Hab heute meinen Laptop (XMG Fusion 15) per HDMI Kabel an meinen Fernseher ( LG 75UK6200PLB ) angeschlossen. Das klappt soweit grundsätzlich und mit dem "Spielemodus" vom Fernseher gibt's auch kaum Input Lag. Leider komme ich nicht dahinter, warum ich beim Spielen nur auf 30 fps komme - ohne Anschluss an den Fernseher geht da mehr.

Der Laptop hat nativ 1080p @144 Hz mit HDMI 2.0, der Fernseher 4k @60 Hz mit HDMI 2.0 (und das HDMI-Kabel kann auch 60 Hz). Sowohl in den Einstellungen von Windows als auch in denen von NVIDIA kann ich sehen, dass durch Verbinden mit dem HDMI-Kabel automatisch der TV korrekt auf 1080p @60 Hz gesetzt wird. Trotzdem zeigt mir die fps-Anzeige von Steam im Spiel nur 30 fps an und es fühlt sich auch dementsprechend an.

In den Einstellungen vom Fernseher finde ich auch keine weiteren Möglichkeiten, aber laut Anzeigeeinstellungen von Windows und NVIDIA sollten Signal und Bildschirm eh korrekt auf 1080p @60 Hz laufen.

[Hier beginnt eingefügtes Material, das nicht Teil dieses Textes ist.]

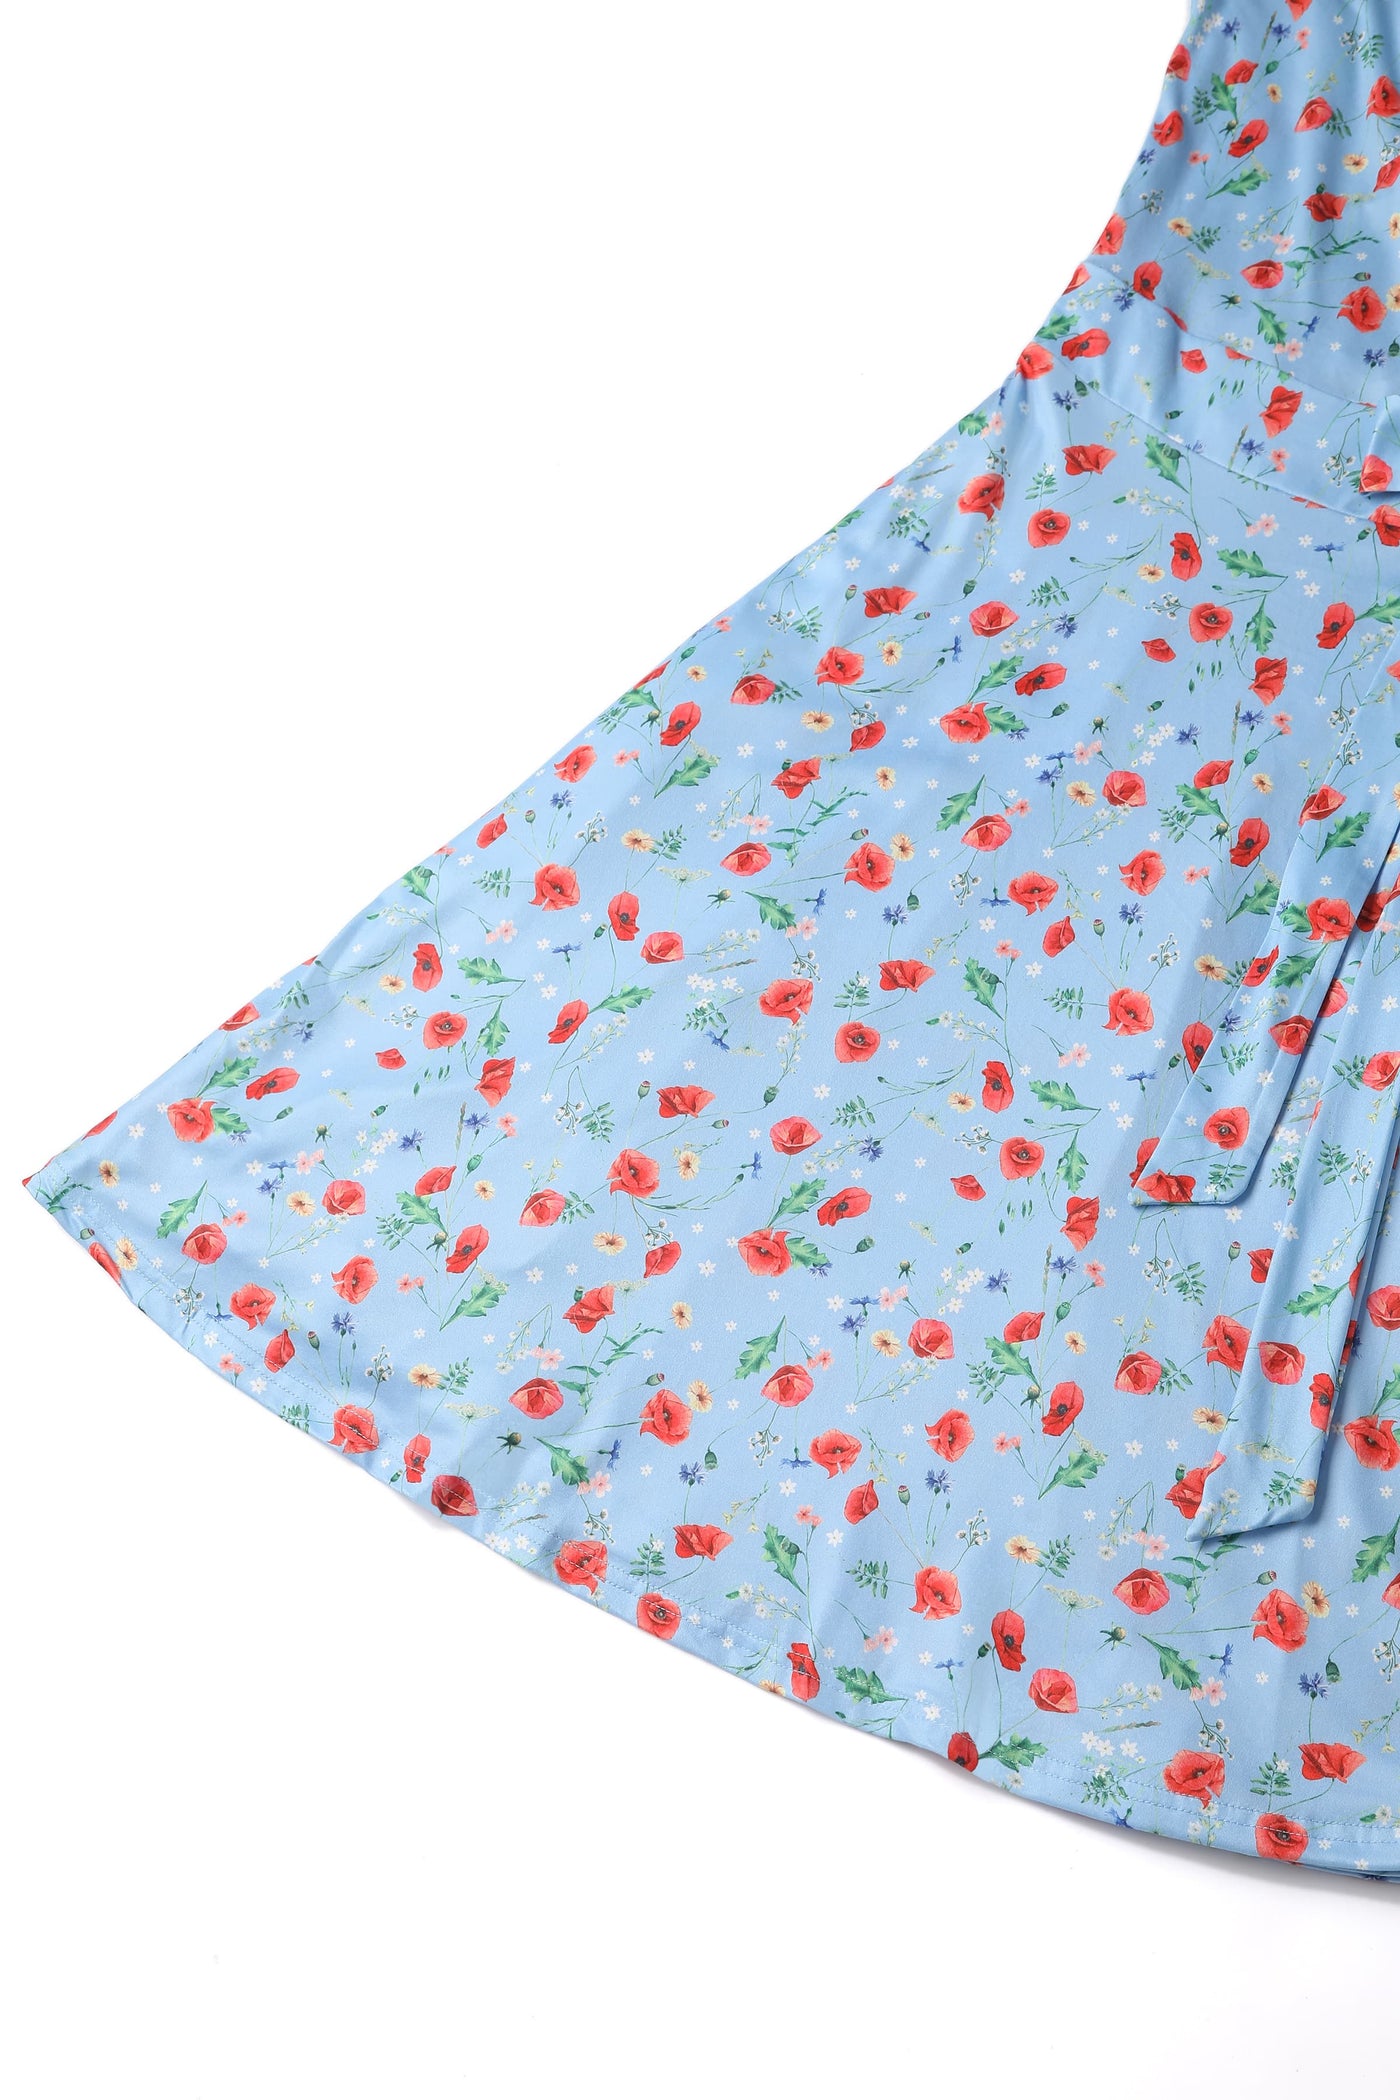 matilda light blue poppy floral wrap dress skirt close up

An was könnte das noch liegen?


----------



## NBLamberg (10. Oktober 2020)

Dein Fernseher unterstützt laut Anleitung nur 30 Hz, schau mal hier rein. Bedienungsanleitung


----------



## iDGames (10. Oktober 2020)

NBLamberg schrieb:


> Dein Fernseher unterstützt laut Anleitung nur 30 Hz, schau mal hier rein. Bedienungsanleitung











						LG 75“ UHD 4K TV | LG Schweiz
					

Erhalten Sie Informationen über LG 75UK6200PLB. Finden Sie Bilder, Rezensionen und technische Daten für LG 75UK6200PLB 75“ UHD 4K TV




					www.lg.com
				




Native Bildwiederholfrequenz des Panels: 50Hz
HFR: 2K: HDMI (60Hz)

Was lese ich falsch? Wieso 30 Hz?


----------



## NBLamberg (10. Oktober 2020)

Das mag alles sein, das ändert Nichts daran, weil unter Maximale Auflösung: HDMI-PC sind deine 30Hz aufgeführt die Du erwähnst. Leider zählt auch der Laptop unter PC und nicht DTV


----------



## iDGames (10. Oktober 2020)

Dieser Inhalt steht nur eingeloggten Mitgliedern zur Verfügung.
        



Wo sind da 30 Hz bei 1080p?


----------



## NBLamberg (10. Oktober 2020)

Sorry habe überlesen das Du 1080P meinst, hast Du mal die 120Hz versucht?
Wenn nicht hier hat Einer ein ähnliches Problem 55"-4K-LG-TV an PC zeigt bei 1080p immer nur 30 fps!?
Mein Samsung 4K zeigt auch immer die 4096x2160 an, selbst wenn ich in Windows 800x600 übernehme habe ich immer die 4K@60Hz anliegen


----------